Resource Intelligent Compilation (RIC) creates C/C++ modules that can be compiled to create a standard CPU version or GPU accelerated version of a program, depending on hardware availability. This is accomplished through a toolbox of programming strategies based on features of the CUDA API. Using this toolbox, existing applications can be modified with ease to support GPU acceleration, and new applications can be generated with just a few simple modifications. All of this culminates in an accelerated application for users with the appropriate hardware, with no performance impact to standard systems. This memorandum presents all the important features involved in supporting RIC and an example of using RIC to accelerate an existing mathematical model, without removing support for standard users. Through this memorandum, NASA engineers can acquire a set of guidelines to follow for RIC-compliant development, seamlessly accelerating C/C++ applications.

A basic knowledge of CUDA and its compilation pipeline is assumed, and some CMake familiarity.

2 Background

2.1 Prior GPU Work

Researchers at the NASA Ames Research Center have shown that many parallel applications implemented in CUDA outperform their CPU equivalents by multiple orders of magnitude [2]. In this research, parallelized Monte Carlo algorithms were used to demonstrate the application of GPUs towards computationally expensive algorithms and the expected performance increase. Furthermore, researchers hoped to leverage this technology to improve algorithm resolution (through more samples) and run-time. Simulation techniques like Monte Carlo algorithms are perfect candidates for GPU implementations, as they satisfy the optimal attributes within a CUDA program:
1. Algorithm operations may be easily parallelized
2. Parallelized operations follow the same instructions (no divergence)
3. Require an immense amount of resources to solve

2.2 Inspiration for RIC

Consider a case where a large pre-existing C++ library with thousands of users is found to be a good candidate for GPU acceleration, as it has computationally demanding components that can be easily parallelized. Pulling the rug out from the userbase and suddenly introducing CUDA-enabled devices as a hard requirement for using the library is not ideal, as not all users may possess the necessary hardware.

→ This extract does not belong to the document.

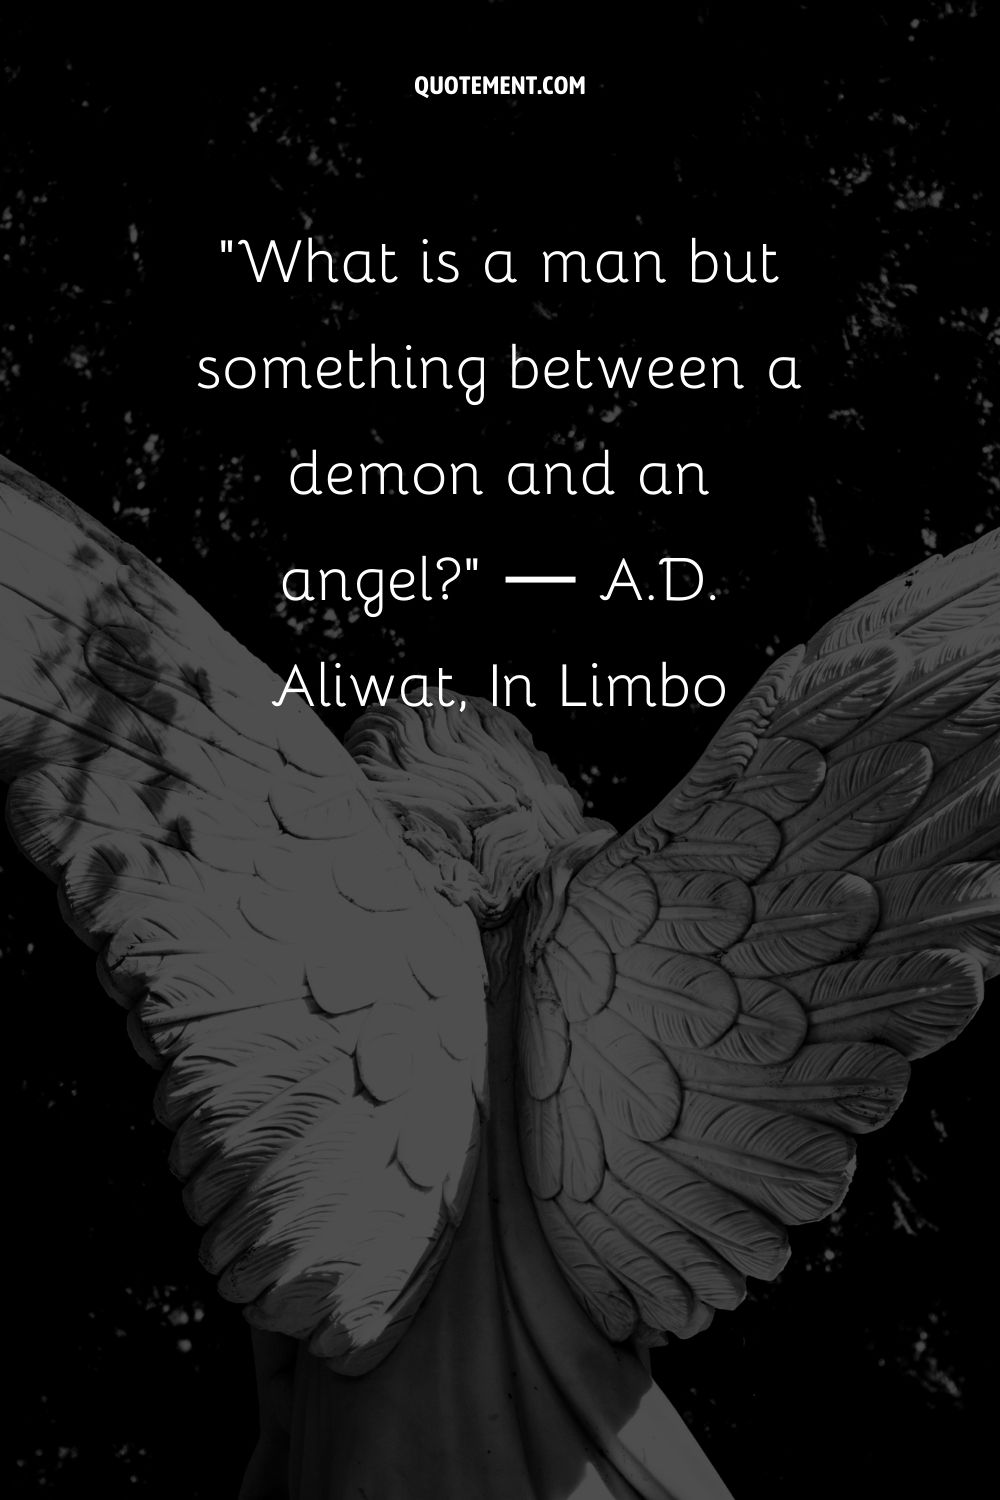 What is a man but something between a demon and an angel

An alternative approach is to maintain a separate project that implements a GPU accelerated version of the demanding functions. The problem with this strategy is that this now requires additional support, as a second copy of the library must now be maintained and kept in stream with the original.

This problem is the inspiration for RIC. The ideal GPU accelerated program has all changes made inline with the original program, avoiding code duplication that requires extra maintenance, but at the same time does not impact users that don’t have CUDA-enabled devices to leverage. RIC enables the acceleration of code within their original models by dynamically generating the code based on the available hardware. This is accomplished using a small set of tools and design strategies for seamless GPU acceleration.
3 RIC Toolbox

3.1 Preprocessor Definitions

As indicated in the background, RIC aims to dynamically generate the code needed to build a program based on the available hardware. This implies deciding what code to compile in advance, which can be accomplished using the preprocessor and different CUDA compilation pipelines. When compiling CUDA applications, the NVIDIA CUDA Compiler (nvcc) is used in place of gcc/g++. This allows applications to be built that include any CUDA host code (code executed on the CPU) and CUDA device code (code executed on the GPU).

Preprocessor definitions can be used to make code generation decisions, as the preprocessor resolves them before code is sent to the compiler. Fortunately, CUDA provides some useful definitions that can be used to help make these preprocessor decisions when compiled with nvcc. Below are two important preprocessor definitions, which serve similar purposes with a subtle difference between the two.

1. __CUDACC__

   This macro is used by source files executed on the host to determine if they are currently being compiled by nvcc. If it isn’t being compiled by nvcc, it’s left undefined which enables the definition to be used to dictate which blocks of code on the host should be compiled. This is very useful as most of the work with CUDA is not in writing the kernels themselves, but the setup and cleanup required outside of the kernel call.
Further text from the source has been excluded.